I read in my textbook that if you parameterize a vector function's derivative in terms of that function's arc-length parameter by writing $r'(t)$ as $r'(s)$ then it will always be the case that $||r'(s)||= 1$.
Why is this so? The little discussion of this I found online was too difficult for me to penetrate. I've also tried experimenting with different expressions of arc-length to no avail.
First, let us see how do we "reparametrize" your vector valued function.
If $r: I \rightarrow \mathbb{R}^n$ is a given function, where $I$ is an interval in $\mathbb{R}$, then the arc-length can be seen as a function $s: I \rightarrow J$, where $J$ is another interval in $\mathbb{R}$ and,
$$s \left( t \right) = \int\limits_{t_0}^t \left| \left| r' \left( u \right) \right| \right| \ du$$
$t_0 \in I$ is fixed and all other notations have their usual meaning.

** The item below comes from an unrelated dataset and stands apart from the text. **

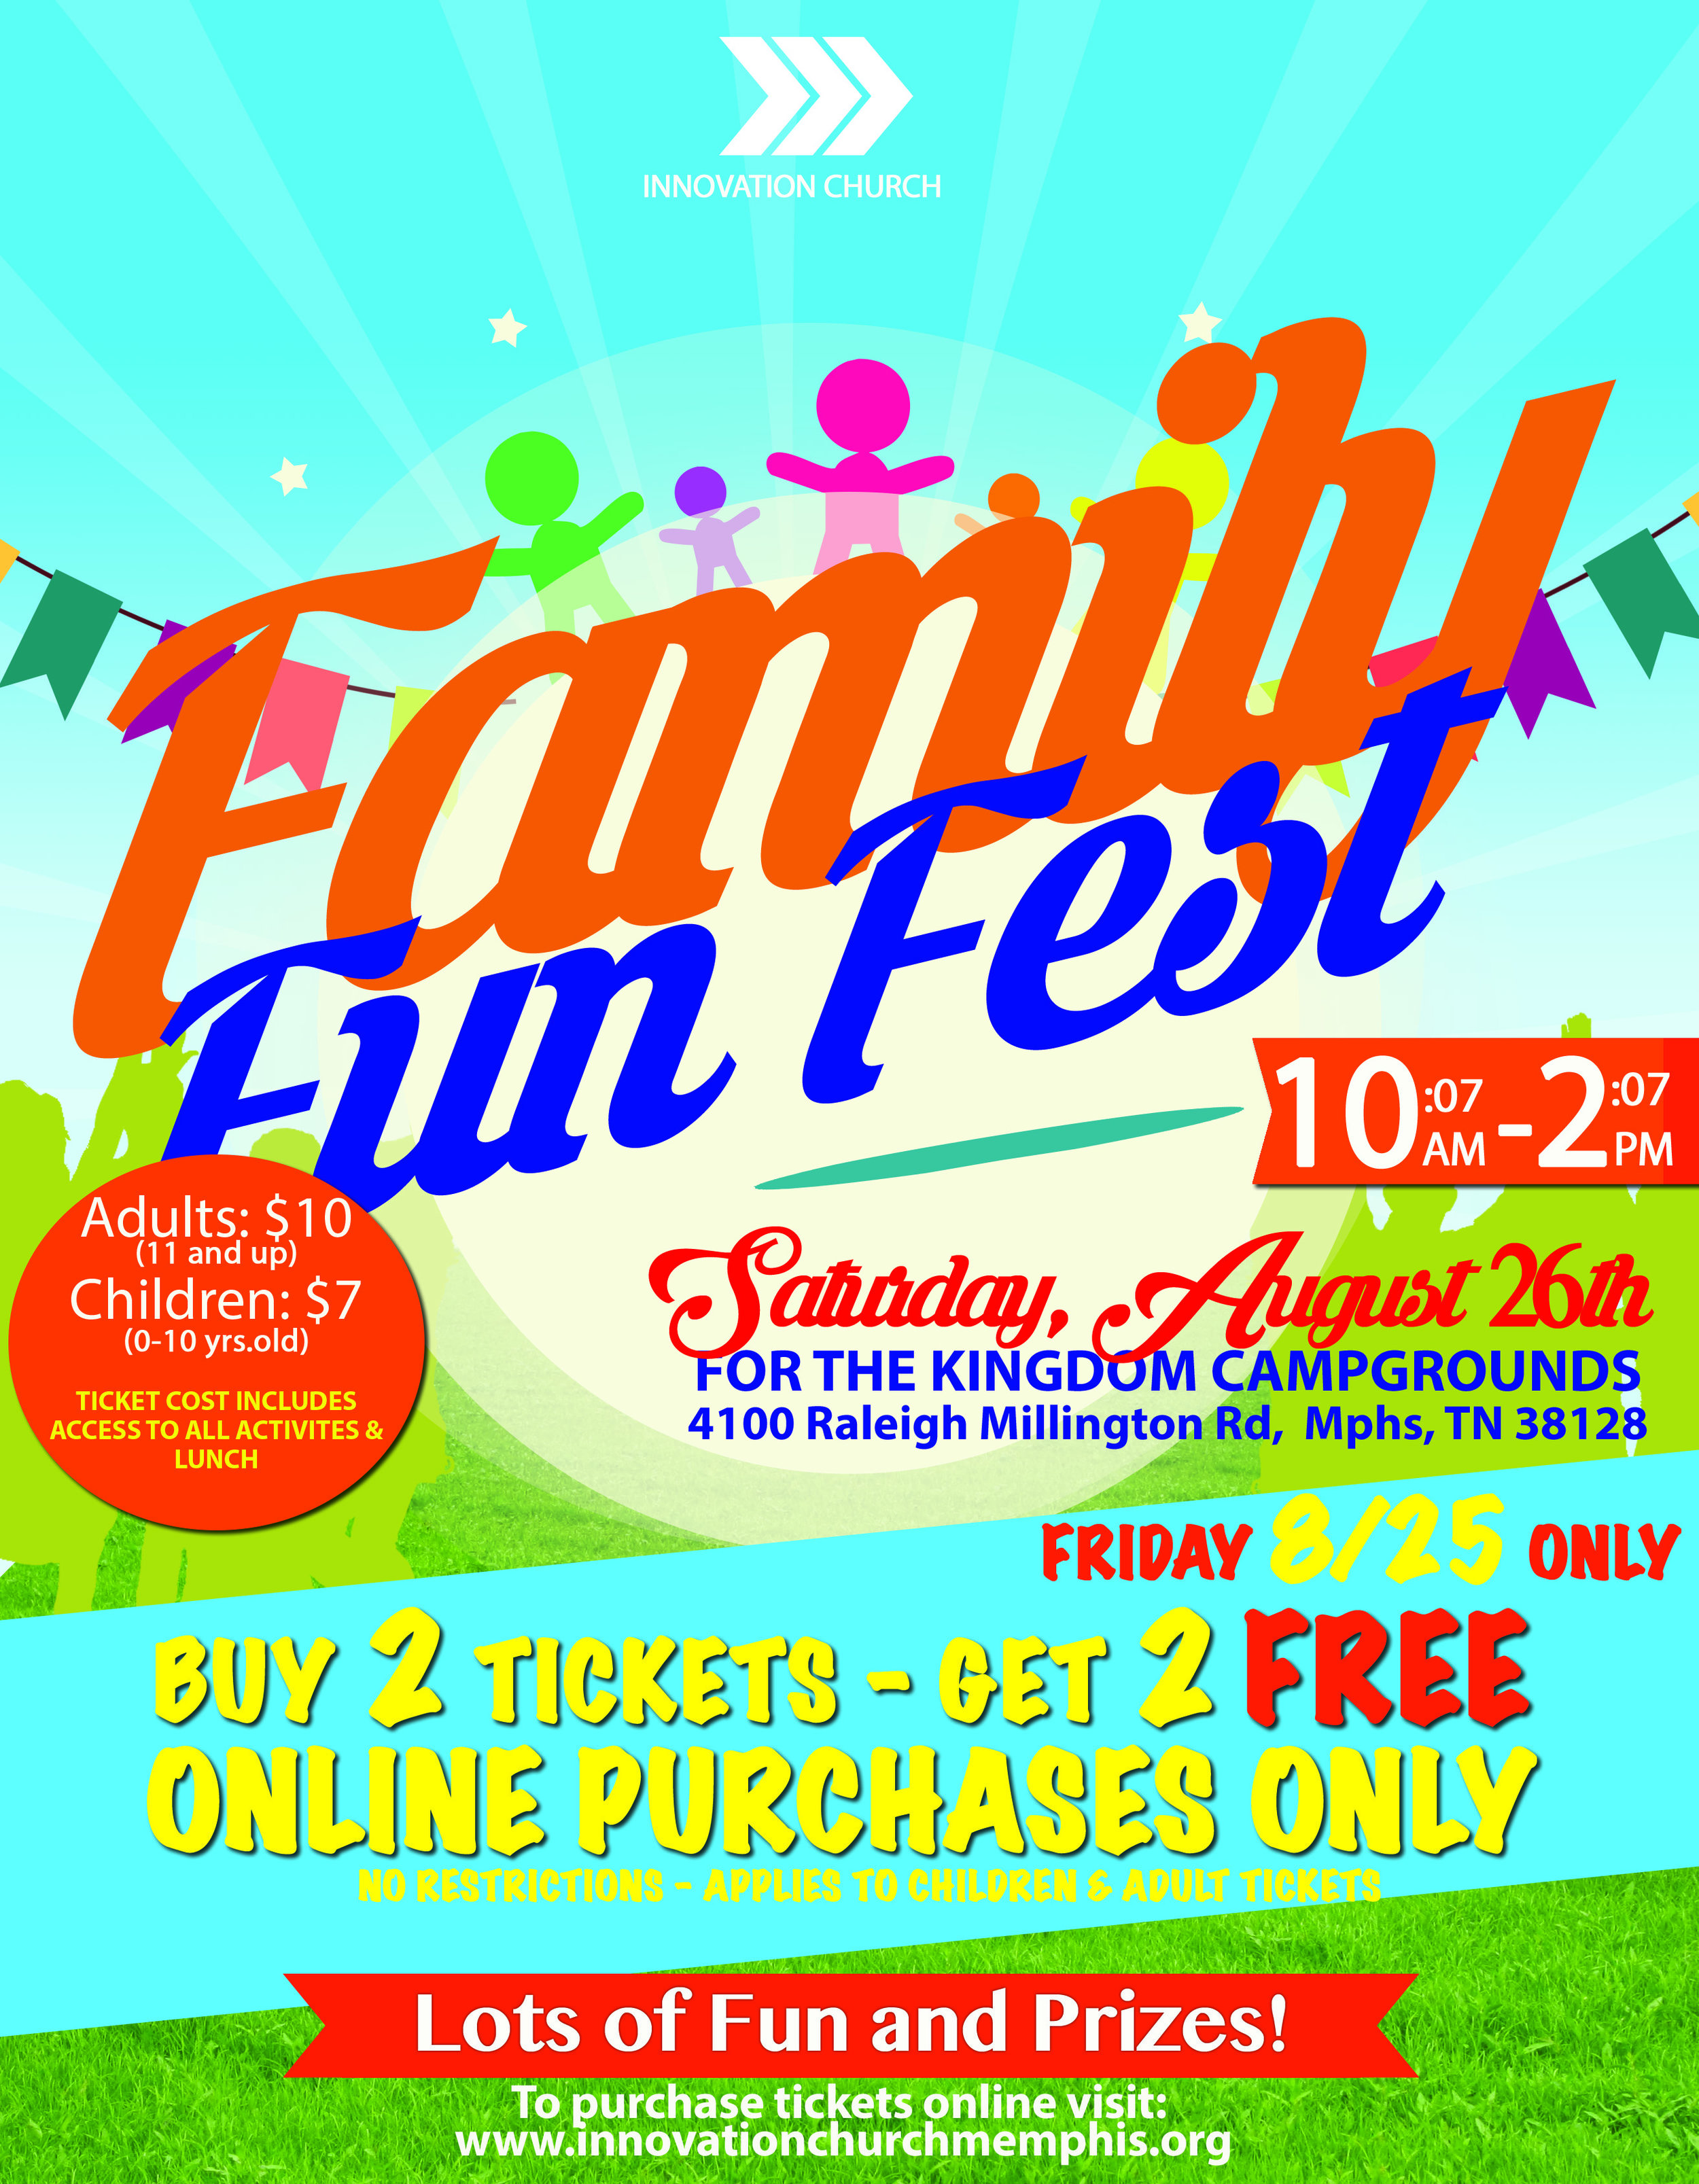 familyfunfest2017flyerBUY2.jpg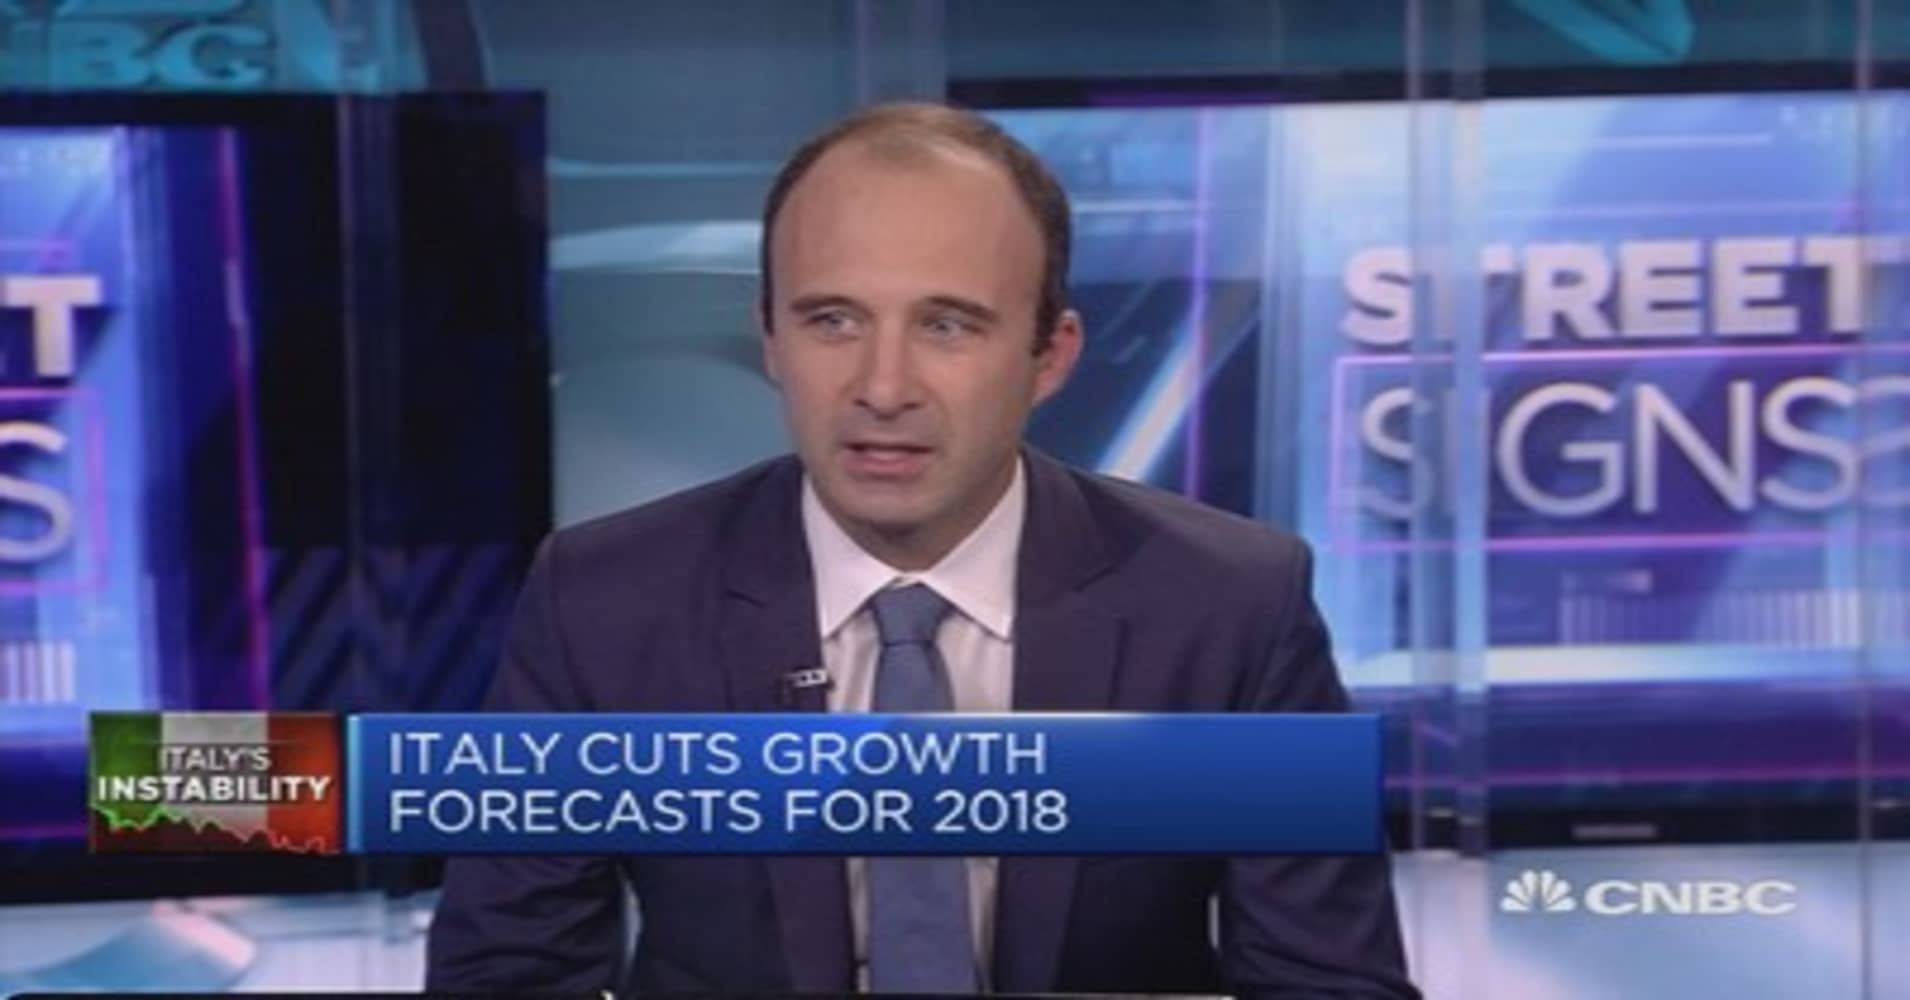 Analyst: Little contagion from Italian market stress

Notice that $s$ defined in such a way is one-one and continuous so that $s: I \rightarrow s \left( I \right)$ is a continuous bijection. Since $I$ is an interval, $s \left( I \right)$ is also an interval, so that it is not dangerous to assume $J = s \left( I \right)$. Also, we have an inverse $s^{-1} : J \rightarrow I$, which we can denote by $t$.
Note that this is pure abuse of notations! Since $s$ is a function of $t$ and takes every $t$ in $I$ to some point in $J$, we can say that $t$ is a function of '$s$', which takes every $s$ in $J$ to some point in $I$. Keeping this in mind, you can also prove that $t$ is a continuous function of $s$ so that $s$ becomes a homeomorphism and we have our reparametrization as
$$r \left( s \left( t \right) \right) = r \left( t \right)$$
By the definition of $s$, we have
$$\dfrac{ds}{dt} = \left| \left| r' \left( t \right) \right| \right|$$
so that by applying the chain rule on our reparametrized function, we get
$$r' \left( s \left( t \right) \right) \dfrac{ds}{dt} = r' \left( t \right)$$
From all the above equations, we can conclude that
$$\left| \left| r' \left( s \left( t \right) \right) \right| \right| = 1$$
Now, notice that since $s$ is a homeomorphism, $s \left( t \right)$ is itself a parameter, and the proof is done!
We can infact observe one important "fact" from our proof. In day-to-day lives, if we have a curve (considered as a path of a moving particle), we can always change the measurements so that the particle covers unit distance in unit time. That is to say, if we choose appropriate measurement systems, every particle can have "unit speed".